The Beatitudes are helpful to us because they highlight the contrast between God’s kingdom and the kingdom of our world. This contrast is crucial for our understanding because following Jesus side by side places us in sharp contrast with the world around us. As Peter was recognized to be a disciple of Jesus by the light of the fire, following in the Jesus way shines the light of blessedness on us, distinguishing us from our culture and making us recognizable as Christ followers.

The first thing to notice about the Beatitudes is that Jesus didn’t actually say them in the way we are used to hearing them. In the Aramaic that Jesus spoke, and the Greek in which Jesus’ words were written, the verb “are” is not present in the Beatitudes; that word was used to render his words into English.

Rather than statements— “Blessed are the poor in spirit”—Jesus gave us exclamations: “O the blessedness of the meek!”  

This is important, because the Beatitudes aren’t statements about what might be, or about what could be. They are exclamations about what is. Jesus is announcing the privilege that is ours, to share with God in joy, to share the very blessedness that fills God’s heart. The New Living Translation uses the action word “blesses” rather than the adjective “blessed,” which helps us understand the “is-ness”—the present tense action—of what Jesus is saying. God blesses those who hunger and thirst for righteousness!  

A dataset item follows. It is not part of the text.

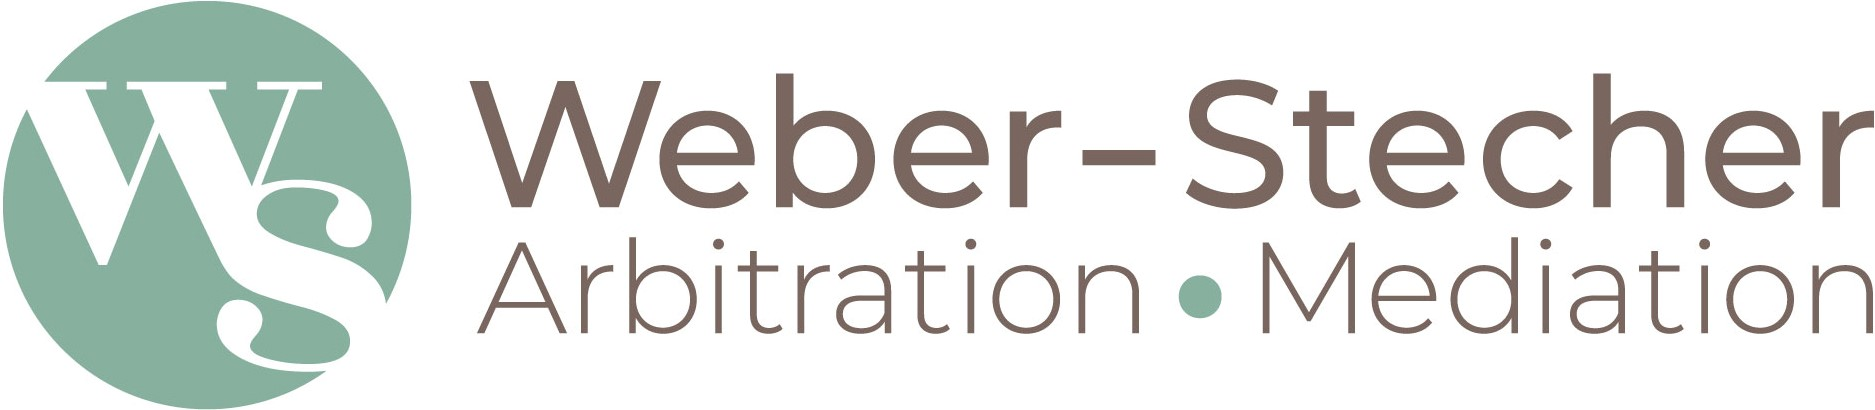 Member: Weber-Stecher Arbitration
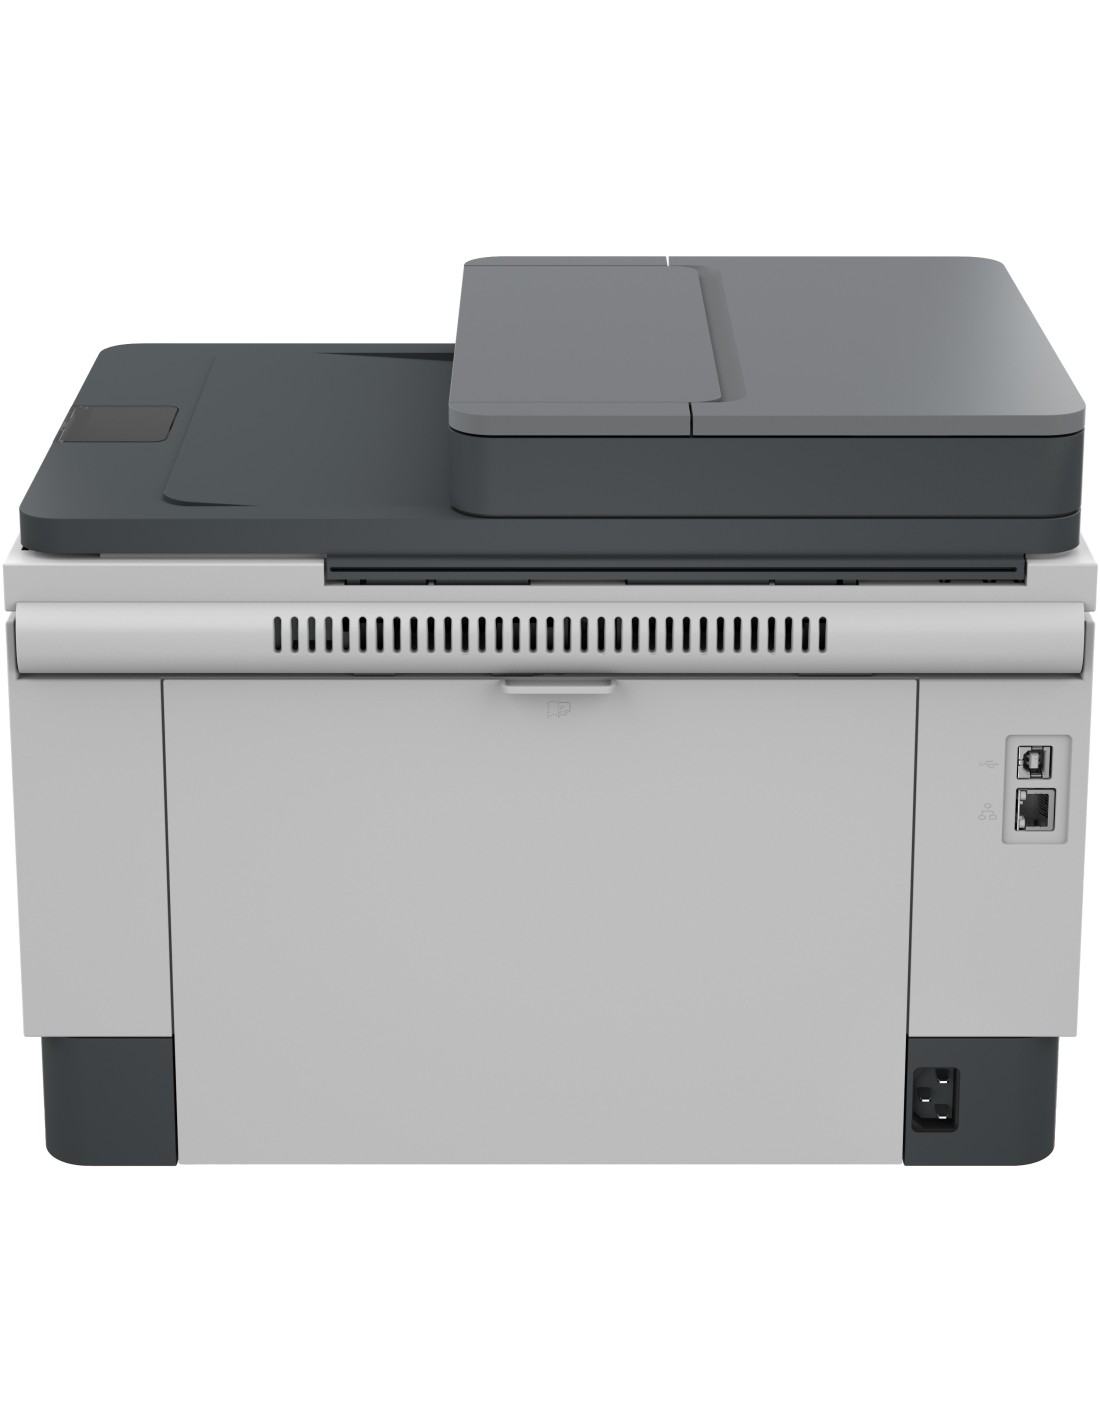 HP LaserJet Stampante multifunzione Tank 2604sdw, Bianco e nero, Stampante  per Aziendale, Stampa fronte/retro Scansione verso

The blessedness that God offers is ours now, not in some future time. Jesus is announcing the present reality of God’s blessing right now, in the present tense. (The Gospel of Matthew, Vol. 1, by William Barclay; The Westminster Press, 1975; pages 88–89). These blessings, available right now, are quite a surprise when we consider what the world tells us affords blessing.

The world would have us believe that righteous, merciful ways of living are weak. The world would have us believe that mourning leads to unhappiness. In contrast, Jesus proclaims that meekness, humility, and persecution, rather than being sources of unhappiness or misery, are actually sources of spiritual giftedness. That is the surprise of the Beatitudes—what appears to be a source of unhappiness, turns out to be a source of joy and blessedness.